I returned from California last night from another hugely productive design week at inXile. Coincidentally, I was there just in time to attend the launch party for Wasteland 2 (for which I wrote the Mannerites in LA), so I got to congratulate the team for their achievement in the launch, hang out with some of the backers, and see old friends who accused me of traveling there too stealthily for them to make plans to hang out with me. (note: this is actually true, because I was working pretty much the whole time)
Post-party-hangover, the remainder of the week was spent writing dialogues, learning how to deal with technical issues, and having some excellent personal interaction with the Torment team. We tightened trickier aspects of the story, and are continuing to answer other questions that pop up as we iron down other aspects. Story in games is an ongoing process through development, as aspects of the story come into sharp relief and require answers that won’t break other parts, and each discussion we have is aimed toward honing the player’s experience and deepening the story’s significance.
Wednesday night, Jesse Farrell taught Steve Dobos, Nathan Long, Kevin Saunders, George Ziets, and me how to play Chaos in the Old World, and I would have won if Mr. Dobos hadn’t pointed out I was going to win. I had two paths to victory, both eminently achievable, and all those rat-bastards (Nathan especially; he was playing the Skaven scum) teamed up to deny both paths… opening the way for George to defeat me, 54 to 49. (Perhaps I spoke too soon when I announced to the table that they couldn’t beat me.)

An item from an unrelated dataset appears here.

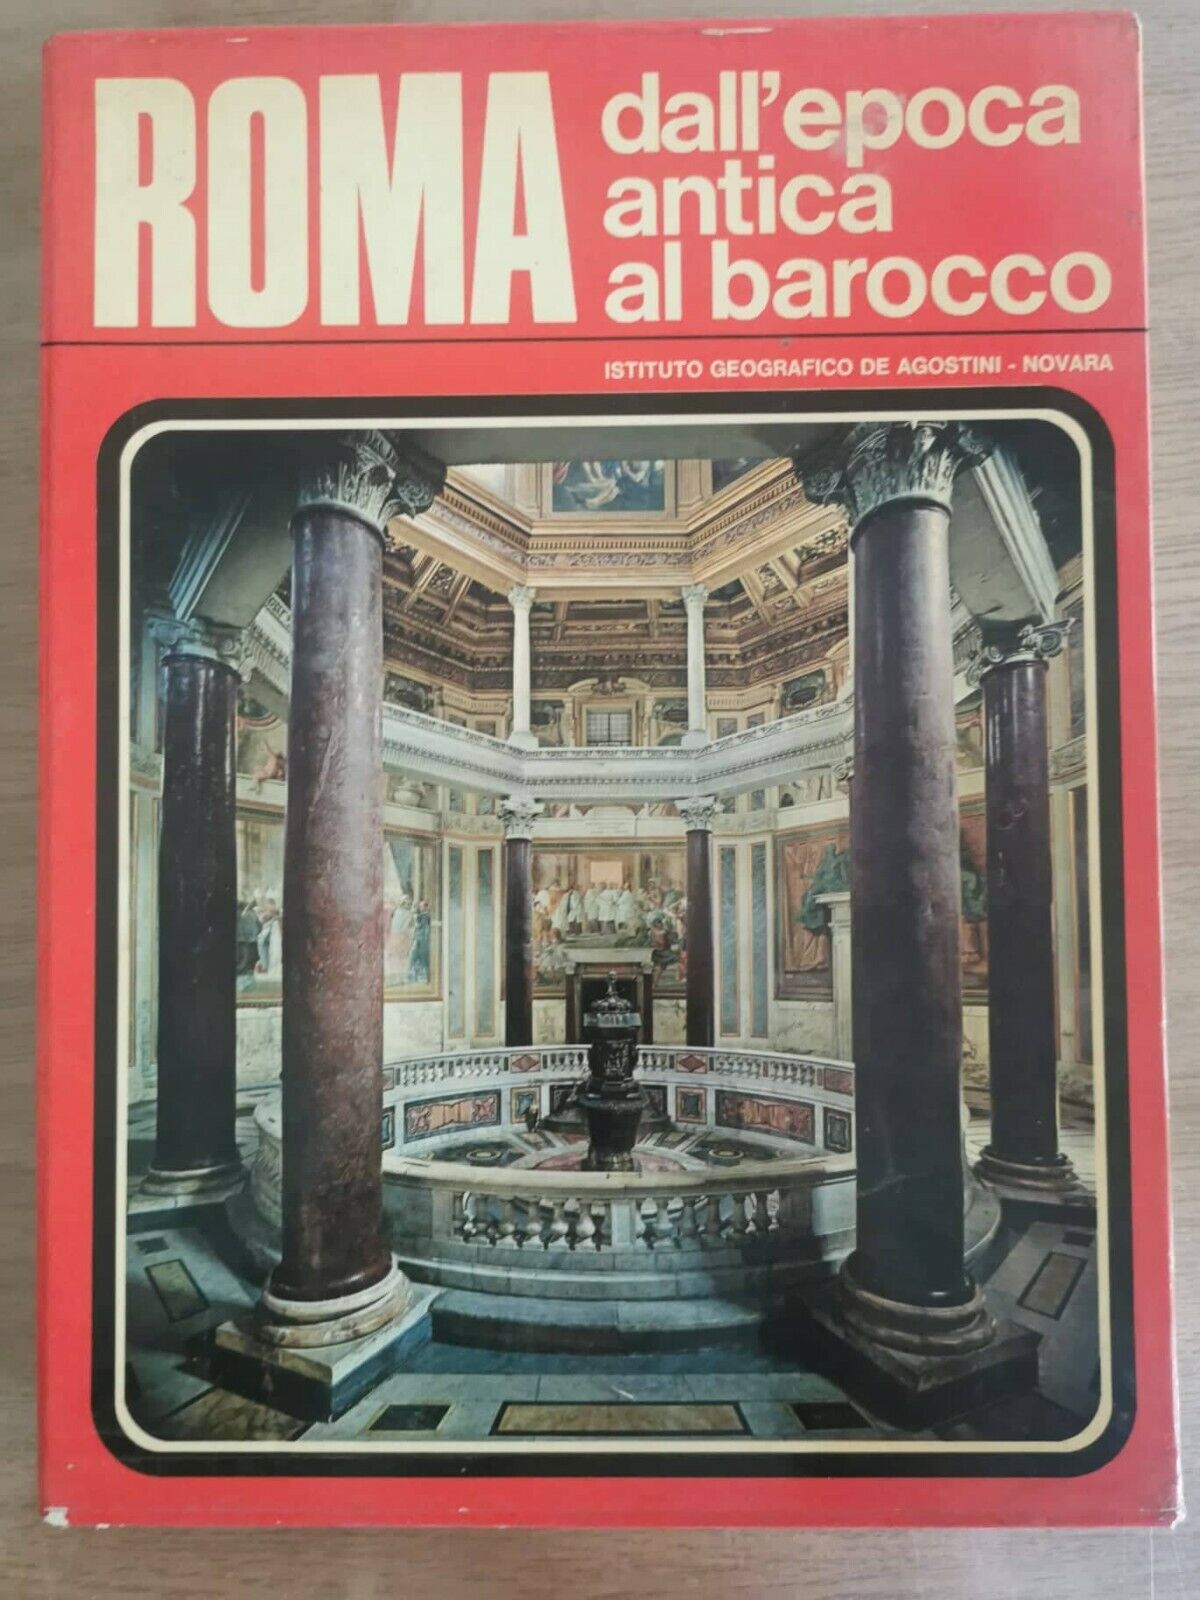 Roma: dall'epoca antica al barocco - AA. VV. - DeAgostini - 1972 - AR

This is the part where I give a shout to Jason Dora for his excellence with the Torment website, and to Charlie Bloomer and Alisha Klein for their stunning work on the TTON video. I realize I’m supposed to be all cool about this job, but seeing ideas brought to life is a thrill that never, ever gets old. Working with this team is a pleasure and a privilege.
On that note, I’d also like to thank Adam for his patience, his memory, and his enthusiasm. Working half a world away can’t be easy for him, but he’s always ready with an incisive look into story, design, and other aspects of the game, and his patience with changes and his understanding of the ramifications of those changes is always amazing. Plus, as he notes, he’s great at revision.
Enough. Time to get back to revisions and rebuilding Unity.